This post is by Center Director Christine Lubinski, reporting from the 2009 IAS conference in Cape Town.
Pedro Cahn, president of Huésped Foundation, an Argentinean AIDS organization involved in HIV/AIDS clinical research, prevention and care, offered a refreshingly candid and provocative HIV treatment update as the second plenary speaker at the IAS conference today. Cahn, a past president of IAS, provided an overview of drugs in development, but he focused most prominently and pointedly on treatment in the developing world.

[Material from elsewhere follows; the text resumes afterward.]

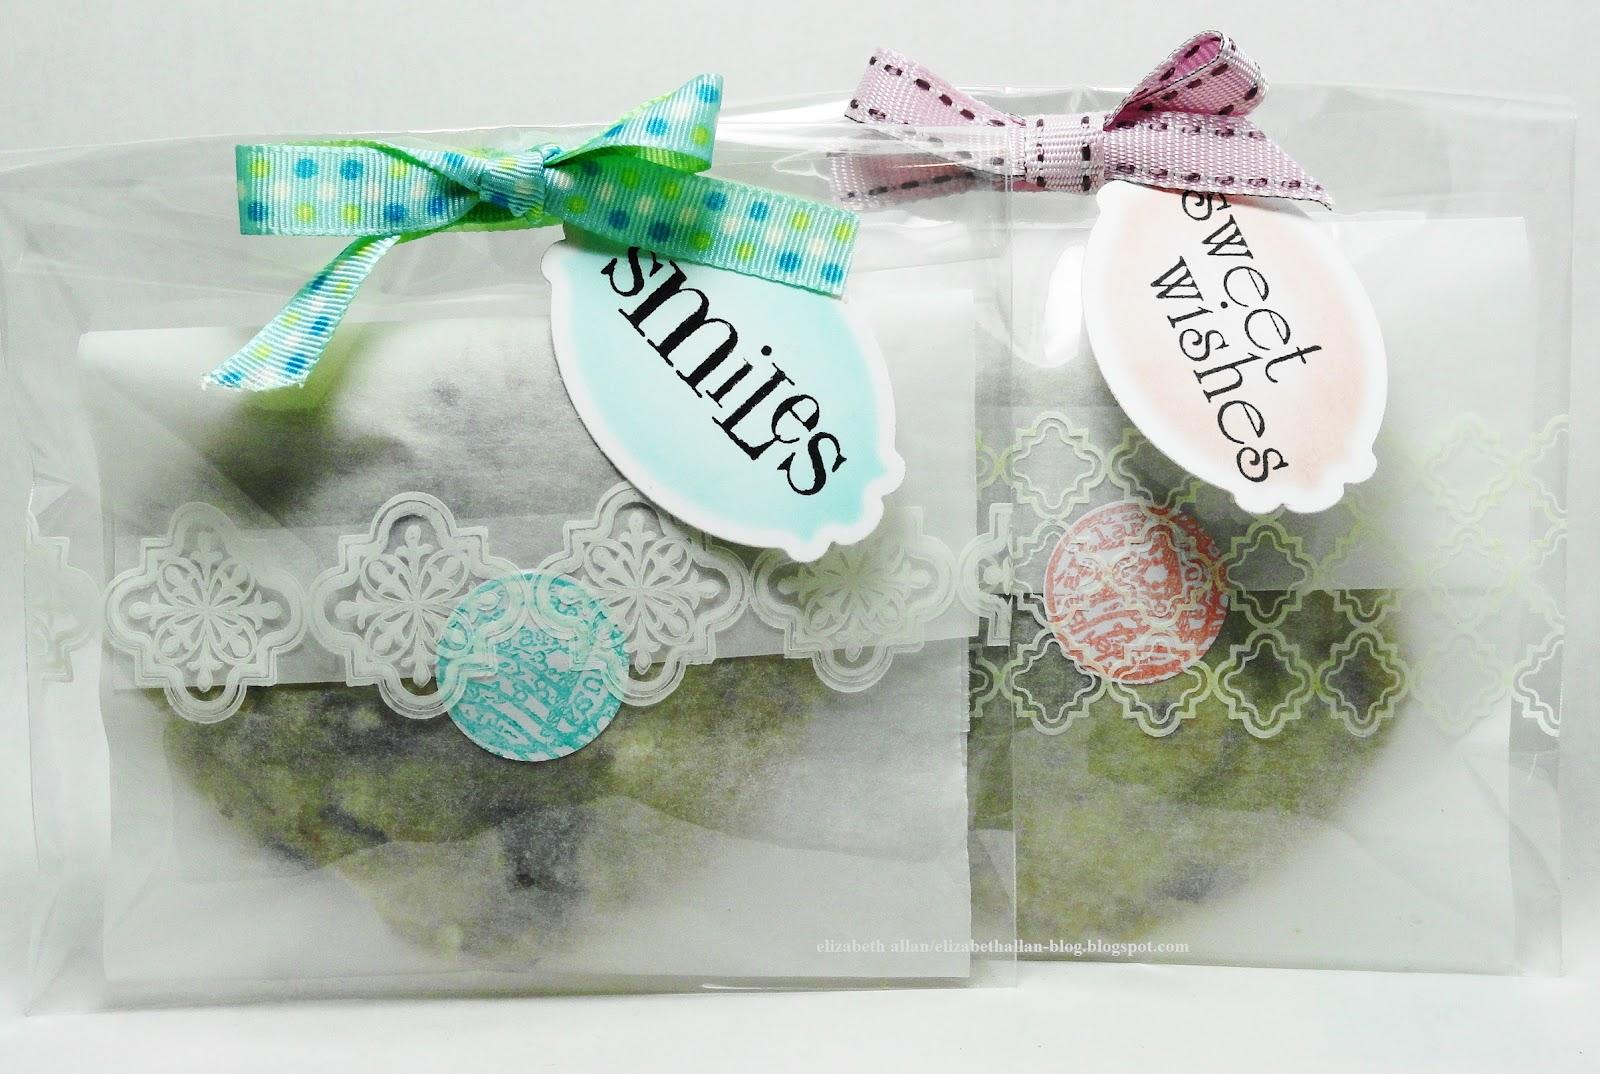 http://3.bp.blogspot.com/-0WDjL2vms4k/T7ze9oWx5eI/AAAAAAAABbQ/Qw9LBaza_Mc/s1600/Pretty+Packaging.jpg

On the thorny issue of “when to start” HIV patients on antiretroviral therapy, Cahn stated categorically that there is widespread agreement that a CD4 level of 350 should be the minimum threshold. He highlighted the results of the CIPRA study which compared outcomes of ART below 200 versus access from 200-350. In those started below 200 CD4 cells, researchers found four times the mortality and twice as much TB disease. It is also clear that initiation of ART at higher CD4 levels lowers the frequency of drug resistance, thereby preserving the durability of treatment regimens. From his perspective, a change in the treatment threshold of the WHO guidelines is long overdue, although he acknowledged that he served on the guidelines panel.
Cahn expressed concern about the high percentage of patients lost to follow-up in many developing countries and identified the major reasons for this as advanced disease and the requirement of payment for health care services.
He then turned his attention to the problems of D4T regimens—which comprise 60 percent of the regimens prescribed in the developing world. Describing D4T as too toxic and having a lousy resistance profile, he noted it was time to say enough of D4T.
He said viral load testing should be approached with the same “urgency and commitment” that was brought to bear on the need for ART access. Studies have demonstrated that as many as 40 percent of regimen switches made based on CD4 counts and clinical monitoring are unnecessary. Viral load testing would protect regimens, reduce resistance, and lead to further reductions in MTCT, he said.
Moving forward, Cahn said priorities should include cheap diagnostics and monitoring tools, as well as simple and cheap second and third-line regimens.
ART is indeed prevention—prevention of death, disease, and HIV transmission.